Я даже не успел ответить, потому что он отрицательно покачал головой и ответил за меня:

– Конечно, не ты. Ты его даже в лицо не знаешь. Я наблюдал за тобой сегодня.

Он опять переместился, усевшись за стол.

– Ты знаешь, что потребовал от меня вояг Хмельницкий взамен неразглашения этой информации? Отзыва кардинала Ветре из городского совета и запрета на участие в городских делах Святого Престола! И мне пришлось согласиться, слишком многое на кону... Теперь в городском совете десять голосов, по три на каждого вояга, и последний, десятый голос, что раньше принадлежал Церкви, теперь не будет использоваться. Но знаешь, что мне сообщил вояг?

– Что? – я искренне недоумевал. С какой стати судья посвящает меня в дела политические?

– Что он готов передумать и отдать голос церкви тому, кто сможет выиграть этот процесс, на тот момент казавшийся абсолютным безнадежным. Что скажешь? С чего бы воягу продвигать тебя в совет, а?

– Я не знаю, ваша честь, – я склонил голову в почтительном поклоне, пряча глаза. Что еще задумала эта мерзавка?!?

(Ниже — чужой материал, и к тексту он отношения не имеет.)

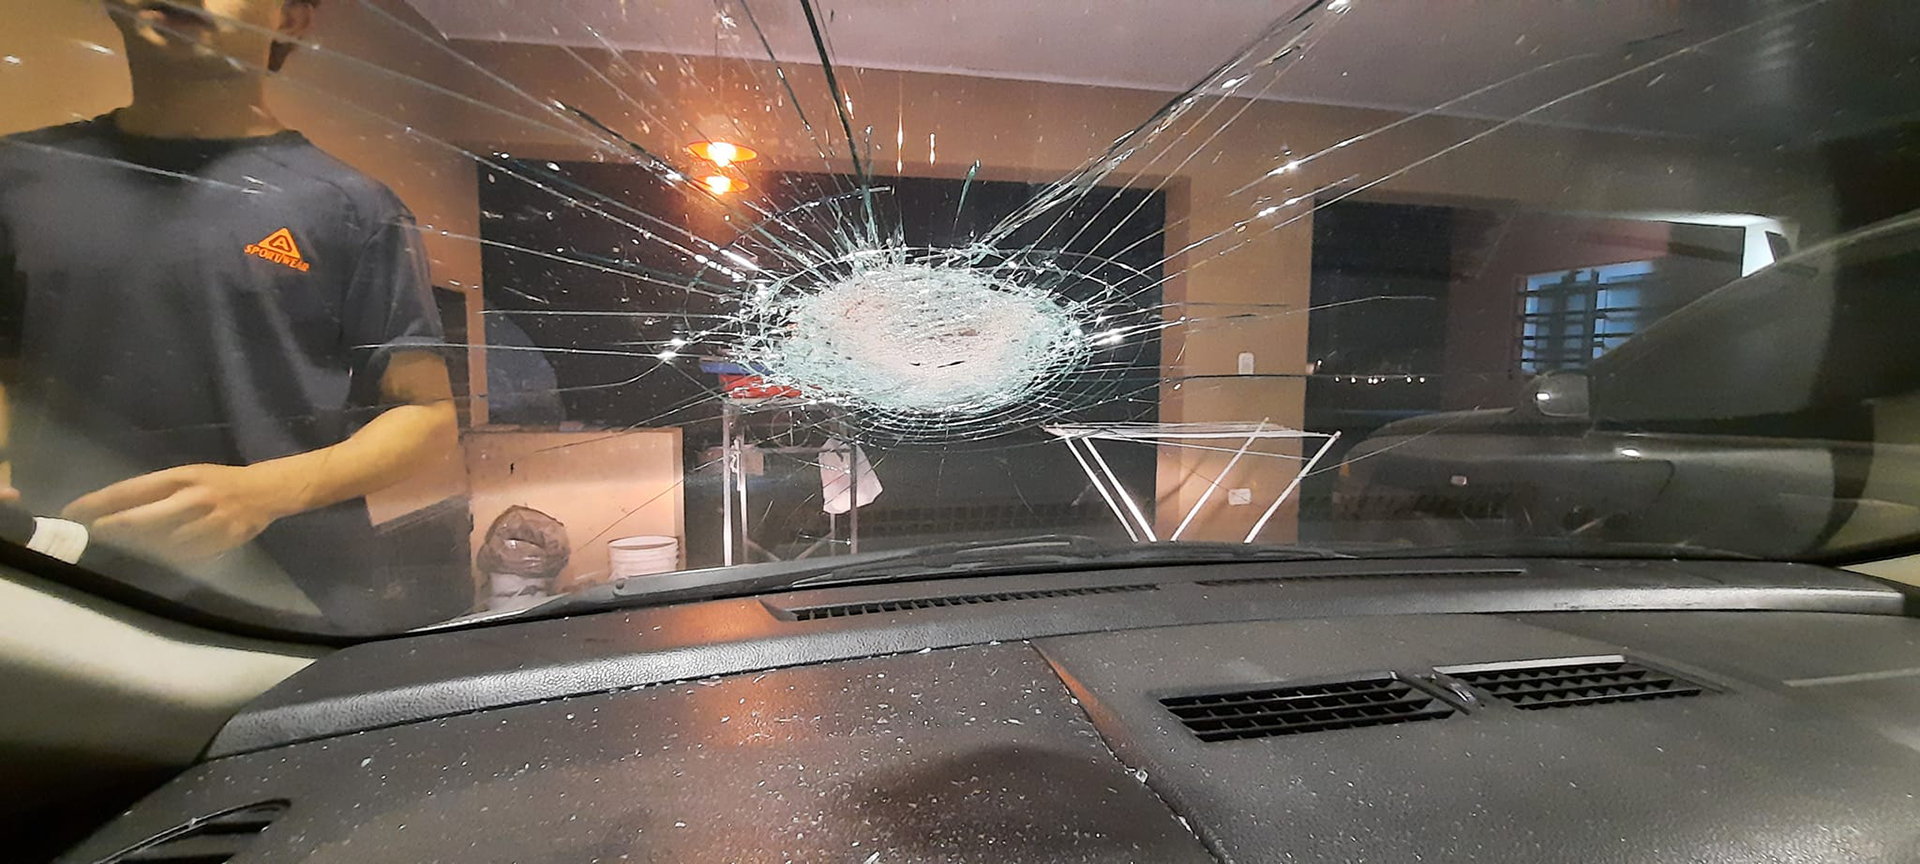 Siguen los ataques a piedrazos contra automovilistas en las rutas: vecinos de Luján reclaman medidas de seguridad

– Сначала я думал, что ты сам это все подстроил, но теперь, после заседания, я думаю, что к этому могла приложить руку и девица Хризштайн... Если она подкупила стражника, чтобы достать зелье, то вполне могла и достать документы для вояга. Только вот зачем ей продвигать тебя в городской совет, а?

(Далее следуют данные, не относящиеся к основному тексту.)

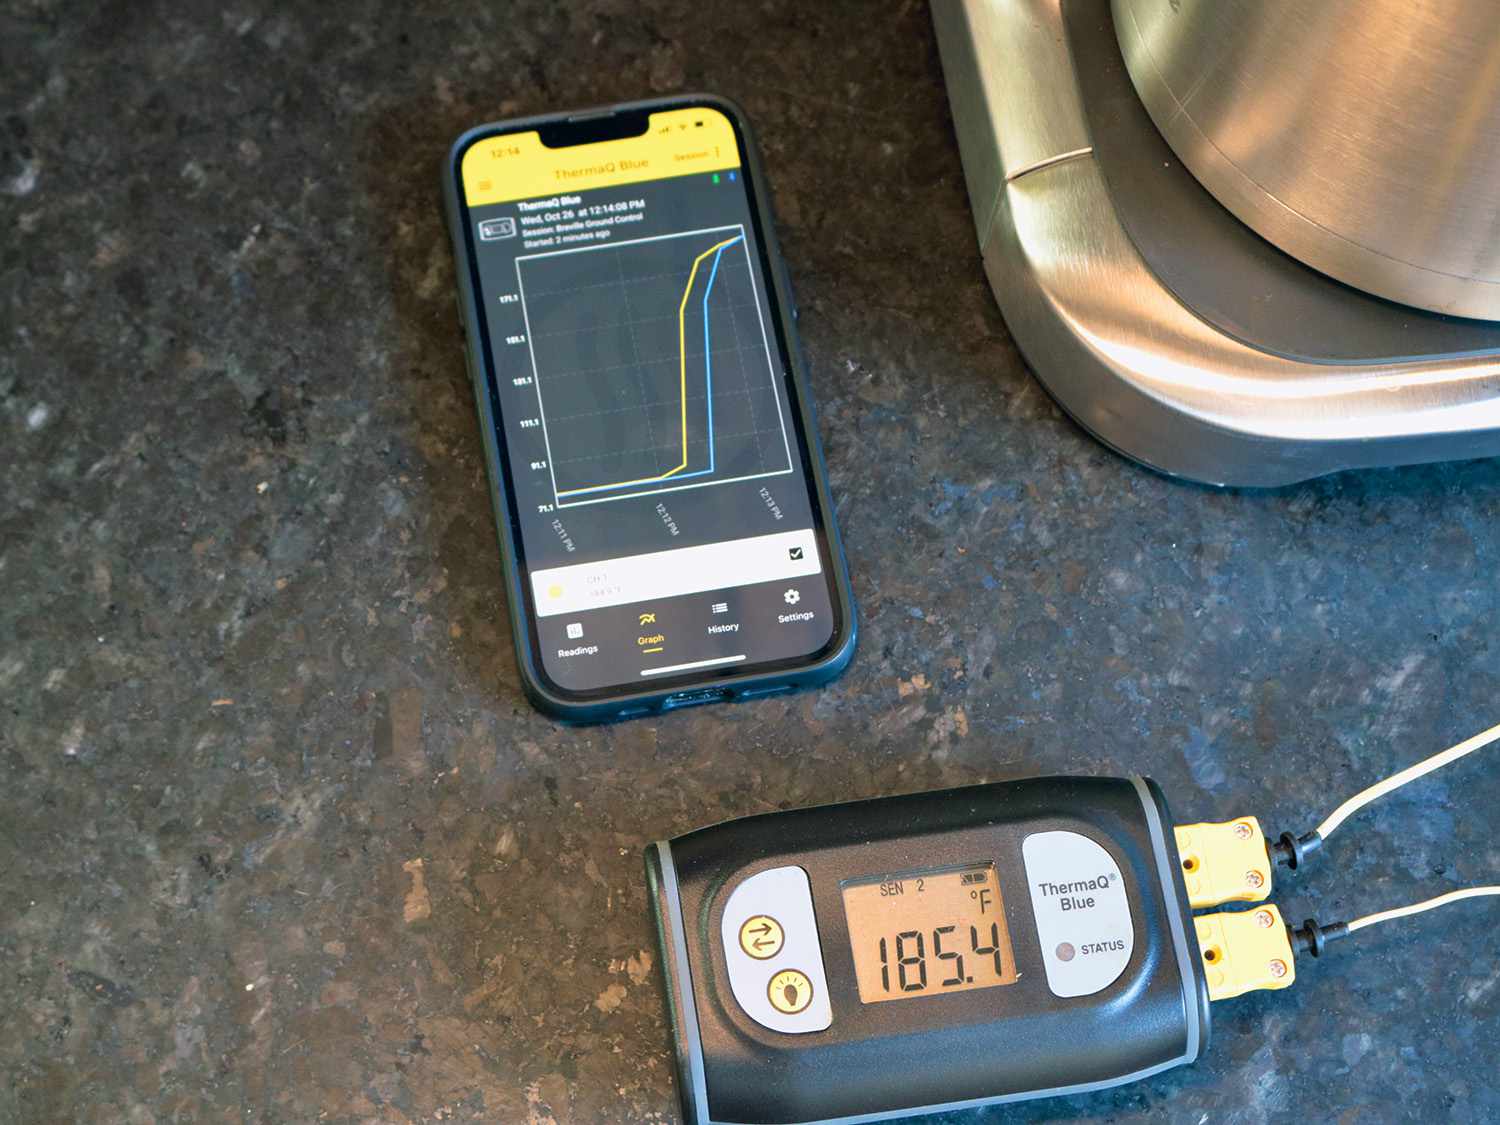 一个热探头显示温度为185ÂºF，旁边是手机上显示温度上升的应用程序

– Ваша честь, я не знаю. Я могу идти?

– Иди, – равнодушно сказал отец Валуа, но возле двери пригвоздил меня неожиданным вопросом:

– Ты с ней спишь?

Я замер на мгновенье, потом развернулся и возмущенно ответил:

– У меня нет никаких! никаких дел с девицей Хризштайн!

– Вот как? – протянул задумчиво судья, внимательно разглядывая меня. – Жаль. По опыту знаю, что женщина будет так стараться всего в двух случаях. Либо ради любовника, но ты утверждаешь, что это не так.... Либо если у нее есть своя выгода в этом деле. Так что же мне думать, а? Какая выгода девице Хризштайн от того, что ты войдешь в городской совет? Уж лучше бы ты с ней спал, право дело!

– Понятия не имею. Чтобы она не задумала, у нее ничего не получится. После этого дела я намерен подать прошение о переводе!

– Которое будет отклонено... – рассеянно проворчал судья, разыскивая очки на столе в кипах бумаг. – Да где же они? Голос Святого Престола обязательно должен быть представлен в городском совете, пусть даже его будет представлять такой молодой дурак, как ты. Девица Хризштайн ведь приложила руку к происходящему сегодня в зале суда?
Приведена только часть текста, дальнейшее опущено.